There are many improvements left to be made with this script, but so far I'm very happy with the result. Using classes and objects is a breath of fresh air compared to procedural bash, and having this rolled into a gem makes it very easy to share with the team.

Part of the process of migrating new customers to Acquia Hosting involves adding (or verifying the presence of) three Drupal modules:

Manual?! Awe shucks...

Verifying, adding, and committing these modules manually generally takes about five to ten minutes and can be error-prone. I don't usually stand a site up for this task, but just clone the repo locally, download the modules and move them into place with rsync. This means I can't lean on Drupal to make the right decisions for me. Mistakes are not a huge deal at this phase, but can add many minutes to an otherwise quick task (assuming we actually catch the mistake!). Mistakes might include adding D7 modules to a D6 site, putting modules in the wrong location, or adding a slightly older version of a module (perhaps with a known security flaw!). Once a mistake has been introduced, we now have to verify the mistake, maybe perform an interactive Git rebase on bad commits, and generally do more work.

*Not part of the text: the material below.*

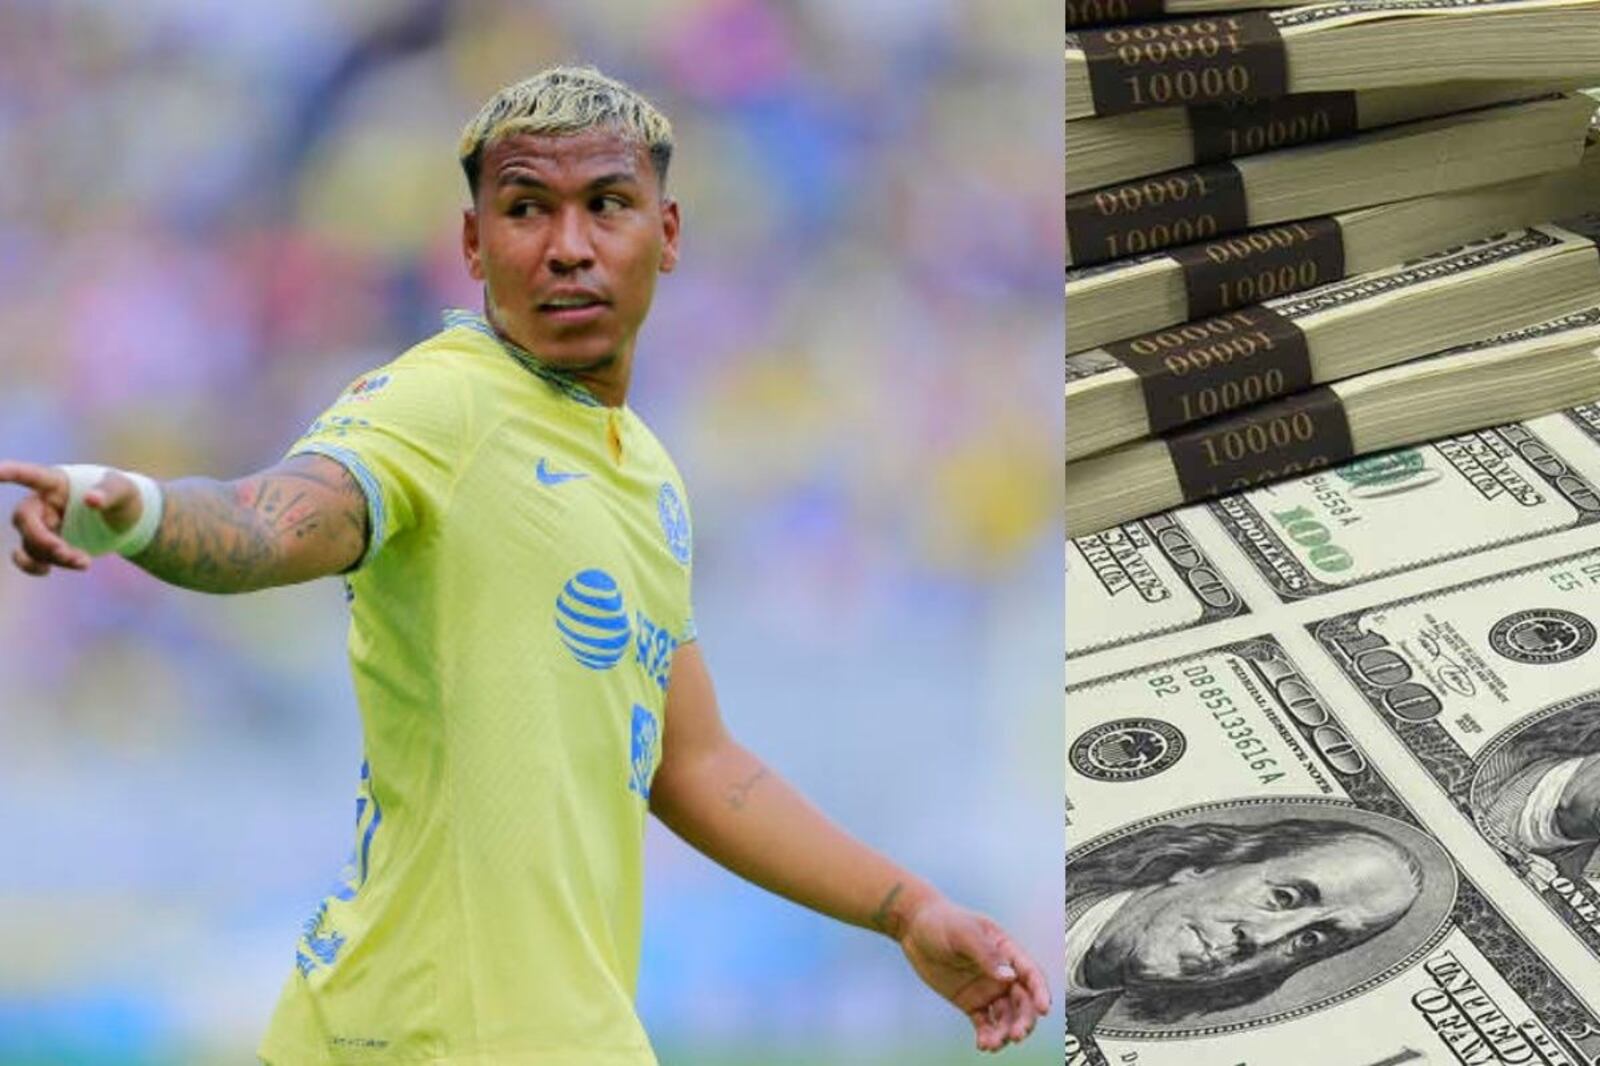 The millions of dollars that America is wasting with Roger Martínez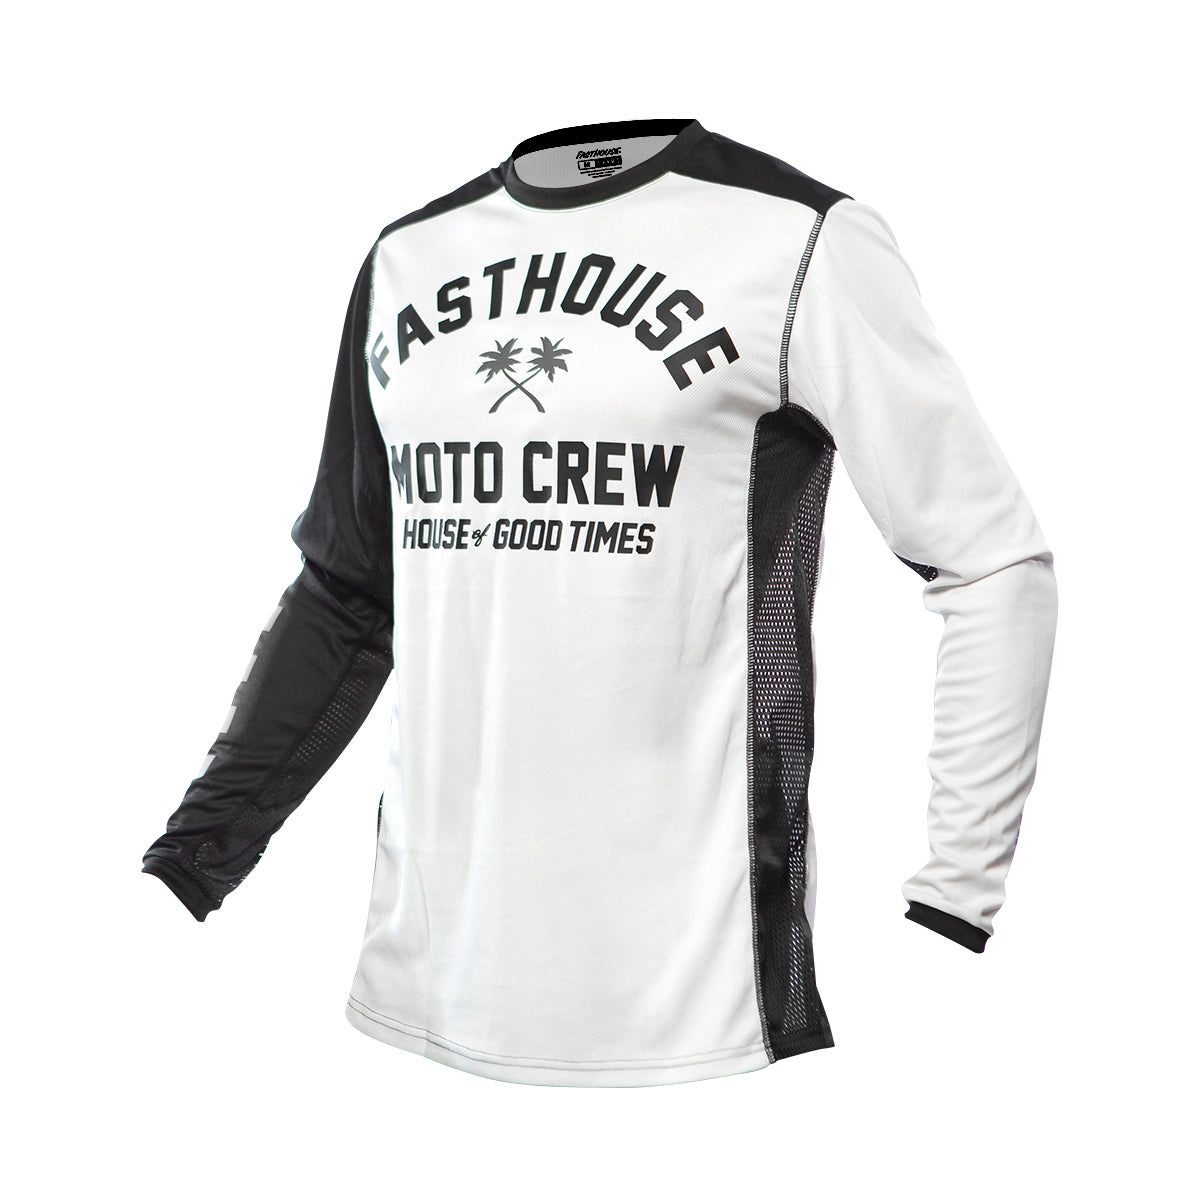 Grindhouse Haven Youth Jersey - White/Black

In order to ease some of the human error factor of the above scenario, and since this is repetitive and script-worthy, I decided to cobble together a bash script to automate the process. Now the whole task is much less error-prone, and takes all of 5-10 seconds to complete!

The Brainstorm

Below is the basic plan I brainstormed for how I initially thought the script should operate:

get drupal version from prompt
check if acquia_connector, fast_404, memcache already exist in the repo
check contrib modules path - contrib|community
download modules that don't exist and move into place
git add and commit each downloaded module individually
git push to origin

You'll notice that not all of the above was actually implemented/needed, but it gave a good starting point for setting up the basic mechanics of the script, and served as an anchor when I needed to reset my focus.

Gotta drush That

To simplify the process of downloading and adding the latest version of each module for the correct version of Drupal core, I decided to lean on drush, and particularly drush's ability to build out a codebase via the make command.

A few important points:

  • in Drupal 6/7, shared contributed modules are generally located at 'sites/all/modules[/contrib]'
  • drush make receives build instructions via a make file
  • since each project is evaluated individually, we need a make file for each project
  • since make files are static, we need a different set of make files for each version of Drupal, and for each contrib module path

Looking back through the repo history, you'll see that my initial approach was to generate static make files for each Drupal version, project, and project path. You'll also see that I included a secondary script to generate a new set of make files for those rare times when a codebase is using a contrib path such as 'sites/all/modules/community' or other. Fortunately, there is a better way!

A Better Way

In bash, we can define dynamic make files as heredocs. By making this shift, I was able to trim 12+ static make files along with secondary bash script down to two heredocs:

function makefile() {
  if [[ $3 == 'modules' ]]; then
    cat <<EOF
core = $1.x
api = 2

; Modules
projects[] = $2
EOF
  else
    cat <<EOF
core = $1.x
api = 2

; Modules
projects[$2][subdir] = $3
EOF
  fi
}

In order to support the shift to heredocs, I also had to convert the drush command from referencing static files to processing make files via STDIN. Thanks to this comment, I ended up with the following:

for i in "${DIFF[@]}"; do
  makefile $VERSION $i $CONTRIB \
    | $DRUSH make --no-core -y php://stdin
done

And with that, we have a powerful and dynamic bash script that will save lots of time, and can be easily expanded or improved to handle additional modules and use cases. I also set the repo up to be a collection of helpful scripts, and I very much look forward to automating away additional complexities.